Peters also became friends with actor Charlton Heston after working with him on several stage productions in the 1940s and 1950s. Peters later worked with Heston on three films: Major Dundee (1965), Soylent Green (1973), and Two-Minute Warning (1976).
Peters made his film debut in 1954's Carmen Jones, having dropped his birth name the previous year. He then made his Broadway stage debut as Ajali in the Martin Beck Theatre production of Mister Johnson in 1956. He performed in the Broadway Theatre two years later in the musical production The Body Beautiful.
Peters had a supporting role in the 1959 musical film Porgy and Bess, based on the stage opera which Peters had acted in ten years earlier. TOS actress Nichelle Nichols had a bit part in this film, while Loulie Jean Norman provided the singing voice of Diahann Carroll's character, Clara.
Peters attracted attention with his roles in The L-Shaped Room and the aforementioned To Kill a Mockingbird, both released in 1962. His subsequent film credits included The Pawnbroker (1964), the aforementioned Major Dundee, and Slaughter's Big Rip-Off (1973).
In 1967, Peters guest-starred on an episode of the hit action drama series Mission: Impossible, which, like TOS, was produced by Desilu Studios. The following year, Peters co-starred with TOS regular George Takei and TOS guest actors Davis Roberts and Malachi Throne in an episode of It Takes a Thief, directed by Marc Daniels.
In the 1973 science fiction film Soylent Green, Peters portrayed Chief of Detectives Hatcher while fellow Star Trek alumni Whit Bissell, Robert Ito, Leigh Taylor-Young, and Celia Lovsky also had roles. That same year, Peters was nominated for the Tony Award for Best Leading Actor in a Musical for his portrayal of South African minister Stephen Kumalo in the stage musical Lost in the Stars. He also won the 1972 Drama Desk Award for Outstanding Performance. He reprised the role of Kumalo in the film version of Lost in the Stars in 1974.
Peters guest-starred on many television shows throughout the 1970s, including Mannix (directed by Corey Allen and co-starring Phillip Pine), The Virginian (in a 1970 episode with Walter Koenig), Gunsmoke (with Robert Pine), The Streets of San Francisco (with Roy Jenson and Kenneth Tobey), McCloud (with Teri Garr), and The Bionic Woman (with James B. Sikking). He also worked with Ed Lauter in a 1975 episode of Baretta (with Ron Soble) and in two episodes of Police Story in 1976.
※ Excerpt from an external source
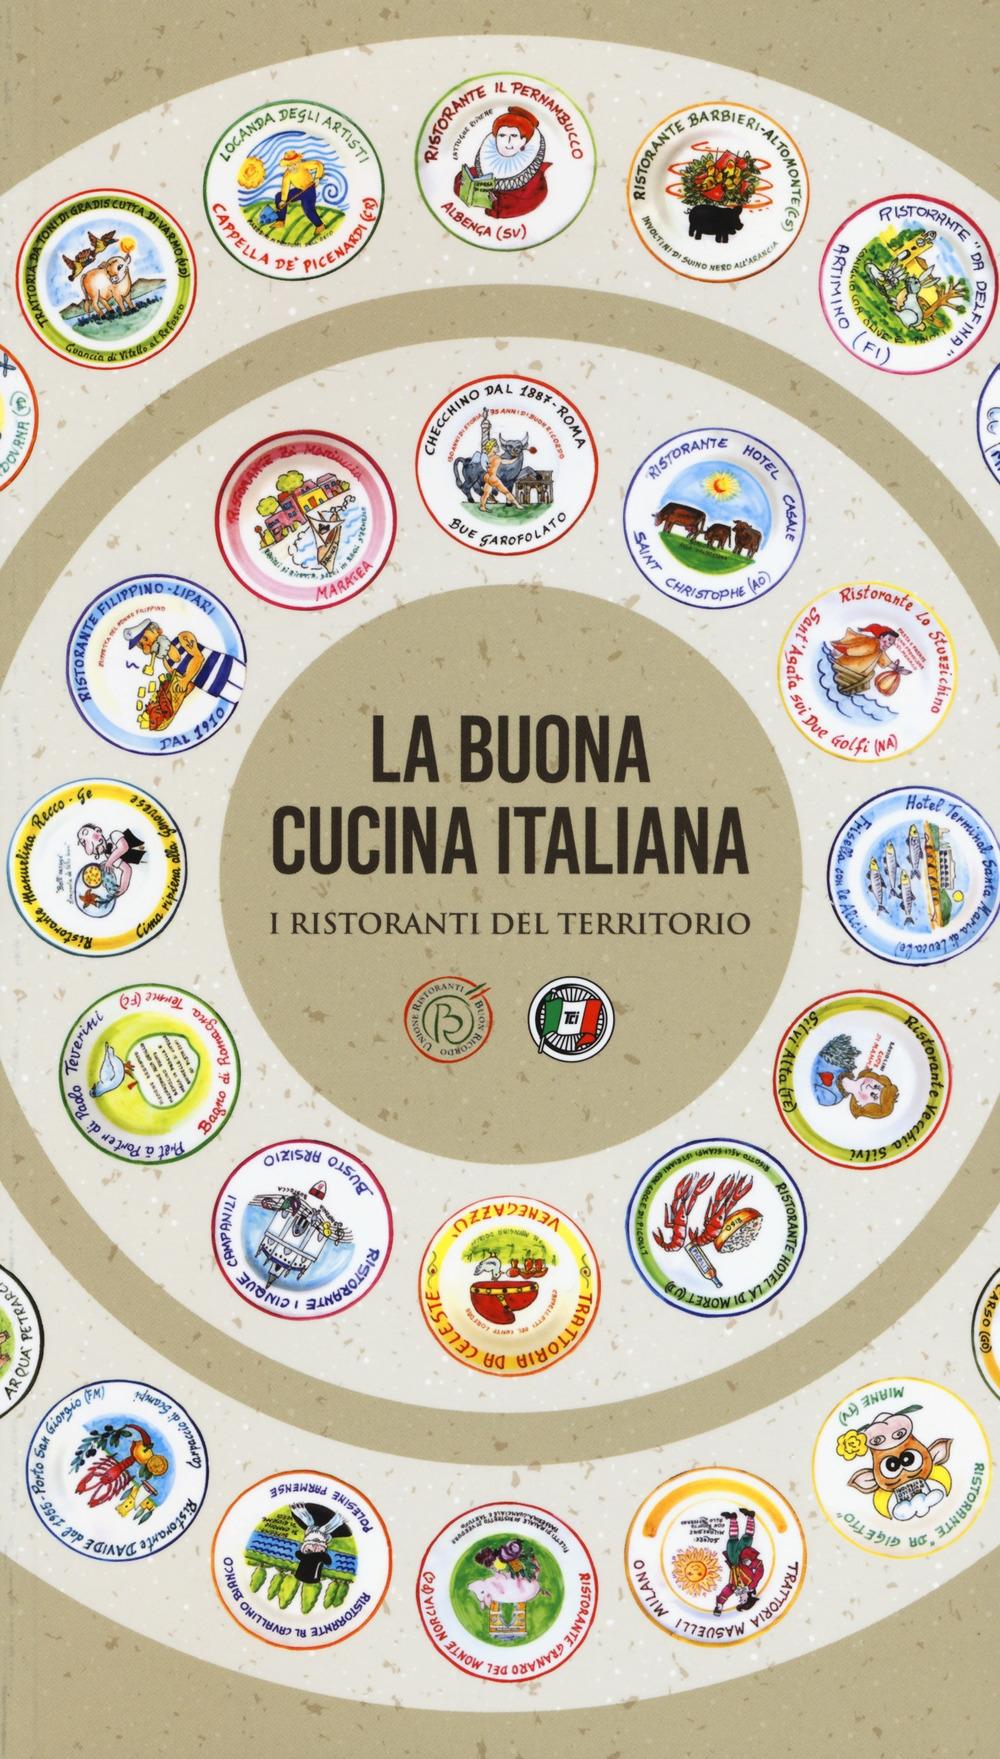 La buona cucina italiana. I ristoranti del territorio

In 1979, Peters was a guest star in one episode of the popular science fiction series Battlestar Galactica, in which his role of Chief Opposer Solon returned him to a courtroom setting, this time as a prosecutor. Later that year he was a part of the ensemble cast of the epic mini-series Roots: The Next Generations. His co-stars in this production included fellow Star Trek alumni Bernie Casey, Percy Rodriguez, John Rubinstein, Bruce French, Paul Winfield, and Bill Quinn.
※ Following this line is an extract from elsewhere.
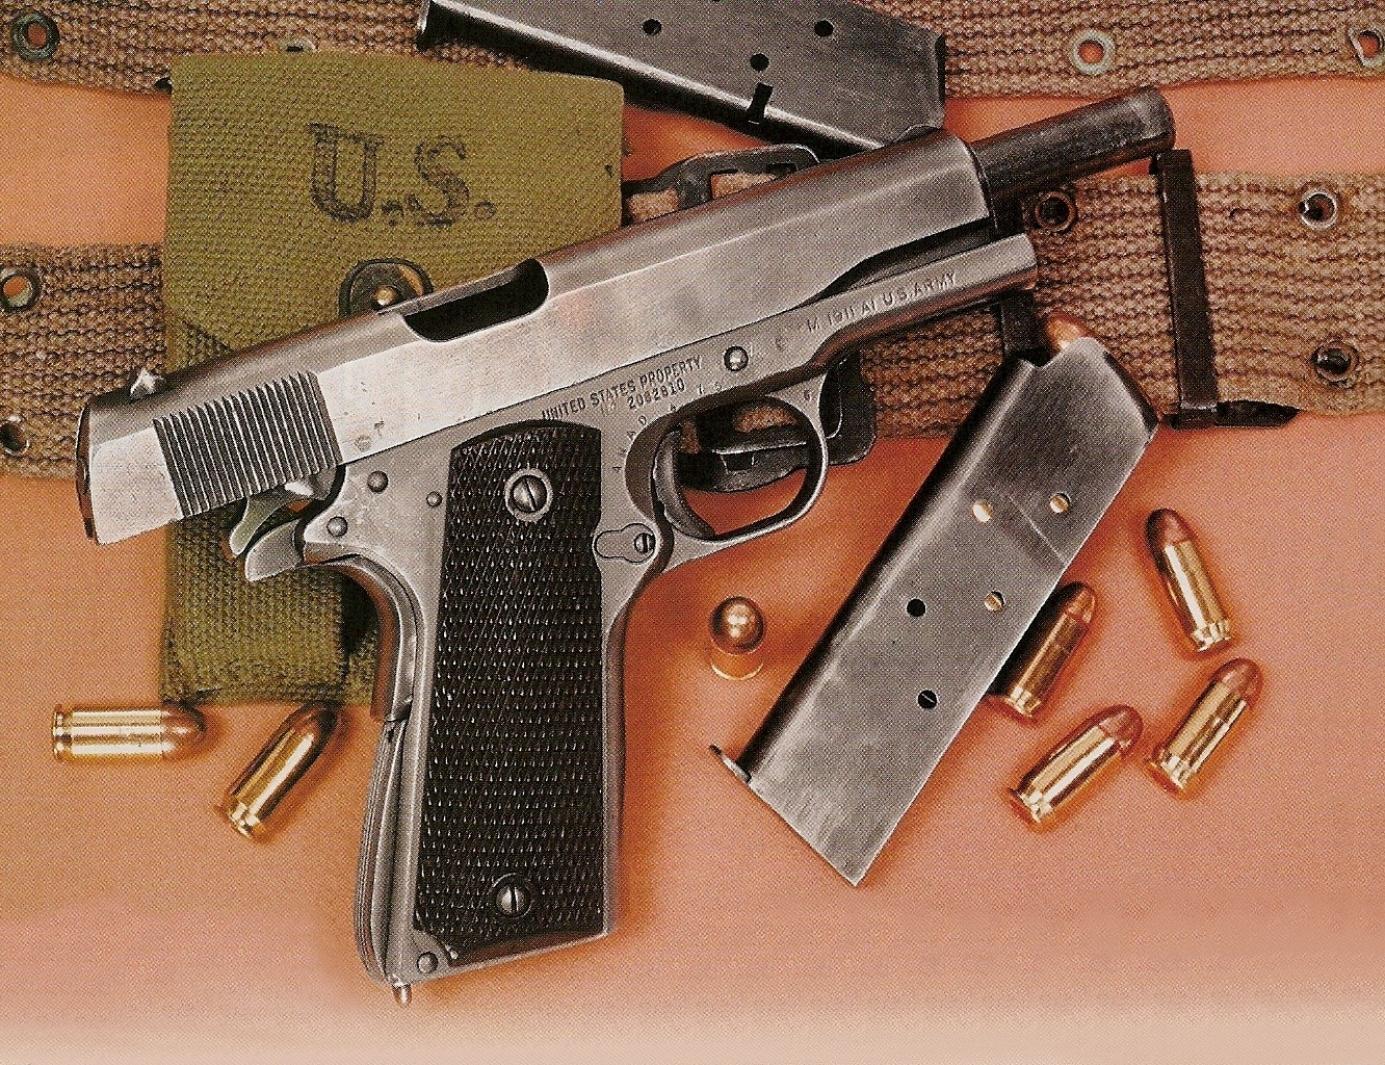 Le fait qu'il s'agisse d'une fabrication de guerre ne se répercute nullement sur le soin apporté par la firme Remington à la réalisation de ce pistolet réglementaire, ni sur la qualité des aciers employés qui reste excellente.

In 1982, Peters became a regular on the CBS daytime soap opera The Young and the Restless, portraying the role of Frank Lewis until 1989. In the latter year, he was once again seen alongside his Star Trek film co-star William Shatner in the TV movie Broken Angel. Star Trek: Voyager regular Roxann Dawson also appeared in this production.
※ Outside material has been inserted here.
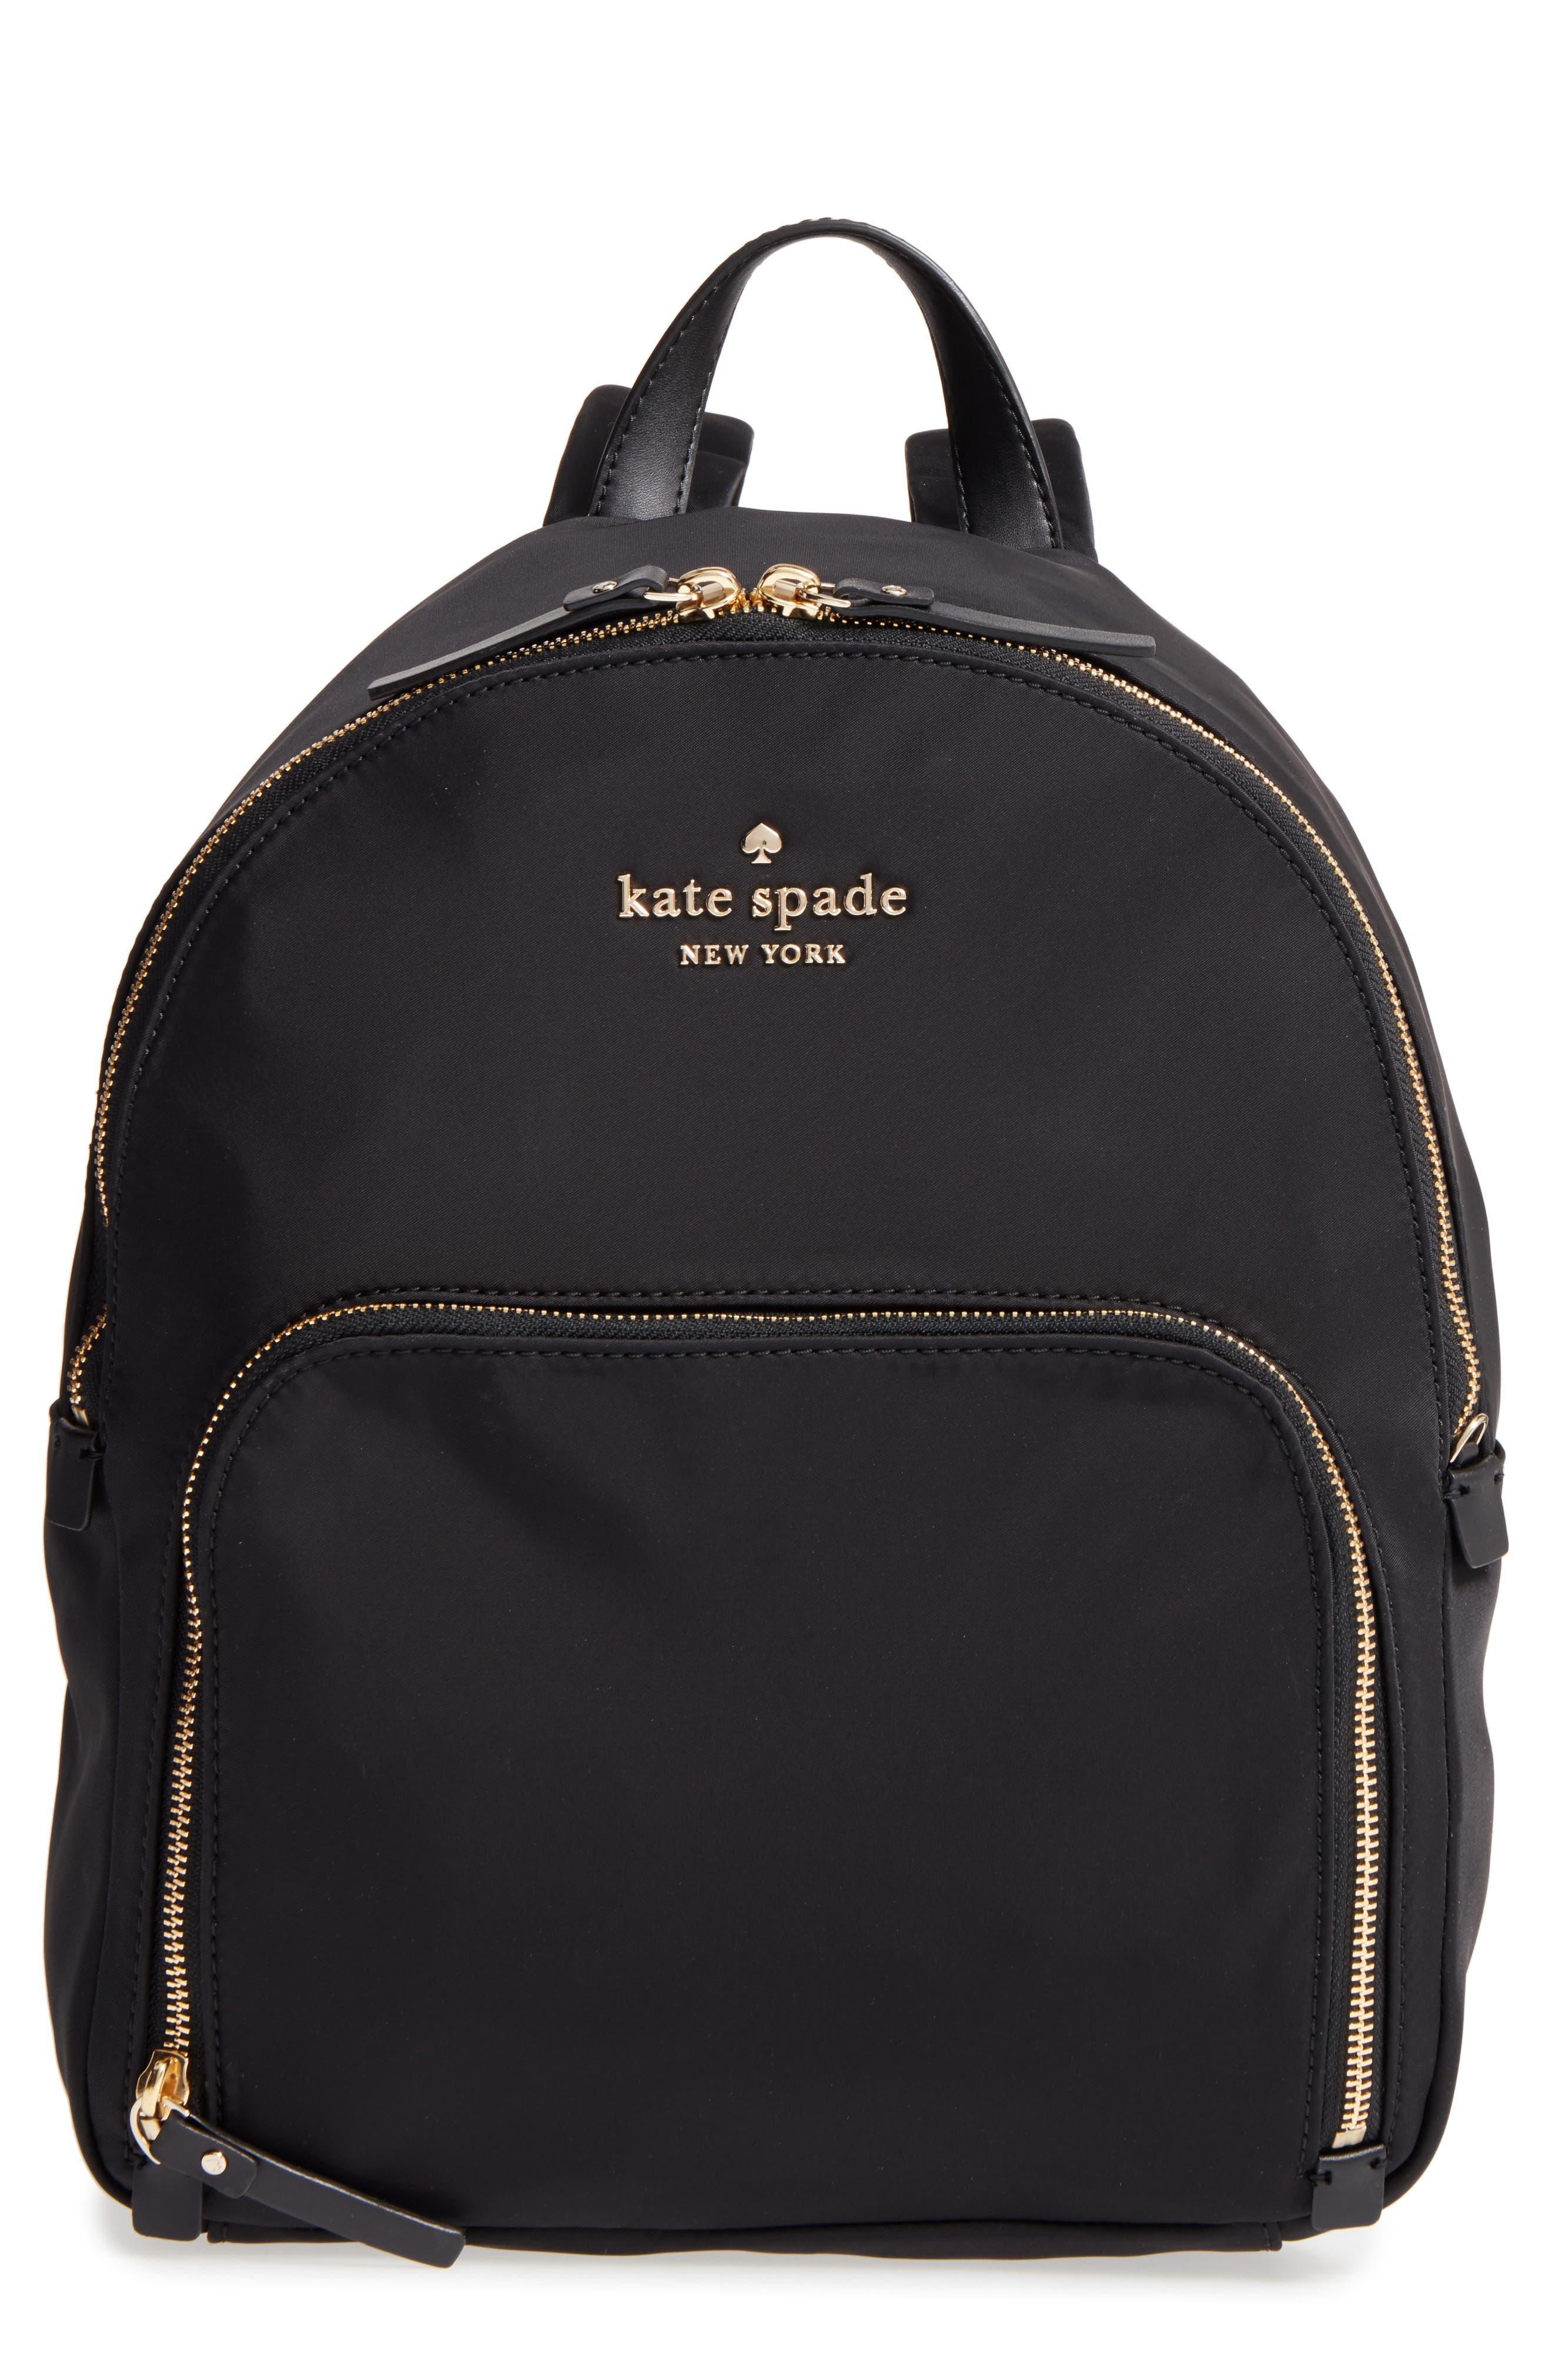 watson lane - hartley nylon backpack,                         Main,                         color, BLACK

During his time on The Young and the Restless, Peters guest-starred on the mystery drama series Magnum, P.I. (along with Keone Young), Murder, She Wrote (with Lenore Kasdorf), and Cagney & Lacey (with Gregory Sierra). He also co-starred with John Schuck, Ben Vereen, and Alfre Woodard in the Fairie Tale Theatre production of Puss in Boots.
In 1990, the Screen Actors Guild awarded Peters a Life Achievement Award for decades of outstanding performances.  To date, Peters and Ricardo Montalban are the only Star Trek alumni to have received this honor.
Peters had a supporting role in the 1996 drama Ghosts of Mississippi. This film also featured Whoopi Goldberg, Susanna Thompson, Bill Smitrovich, Terry O'Quinn, Richard Riehle, Bill Cobbs, and Thomas Kopache. He again worked with Terry O'Quinn in the 2002 made-for-TV movie entitled The Locket.
Peters' rich, baritone voice was used on such animated shows as Challenge of the GoBots, DuckTales, Gravedale High, The Pirates of Dark Water, and Batman: The Animated Series. On the latter series, he voiced the recurring role of businessman Lucius Fox; other performers whose voices were heard in his episodes include Adrienne Barbeau, Ed Begley, Jr., Robert Costanzo, John Glover, Loren Lester, Ron Perlman, David Warner, and aforementioned TOS regular Nichelle Nichols.
In addition, Peters lent his voice to the character of Jomo in a 2000 episode of The Wild Thornberrys and in 2002's The Wild Thornberrys Movie, in which Alfre Woodard and Ethan Phillips also supplied voices. Peters even supplied the voice of Darth Vader in the Star Wars radio series, making him one of the few actors to have worked in both the Star Trek and Star Wars franchises; coincidentally, James Earl Jones, who voiced Vader in the Star Wars films, was nearly cast as Joseph Sisko's son.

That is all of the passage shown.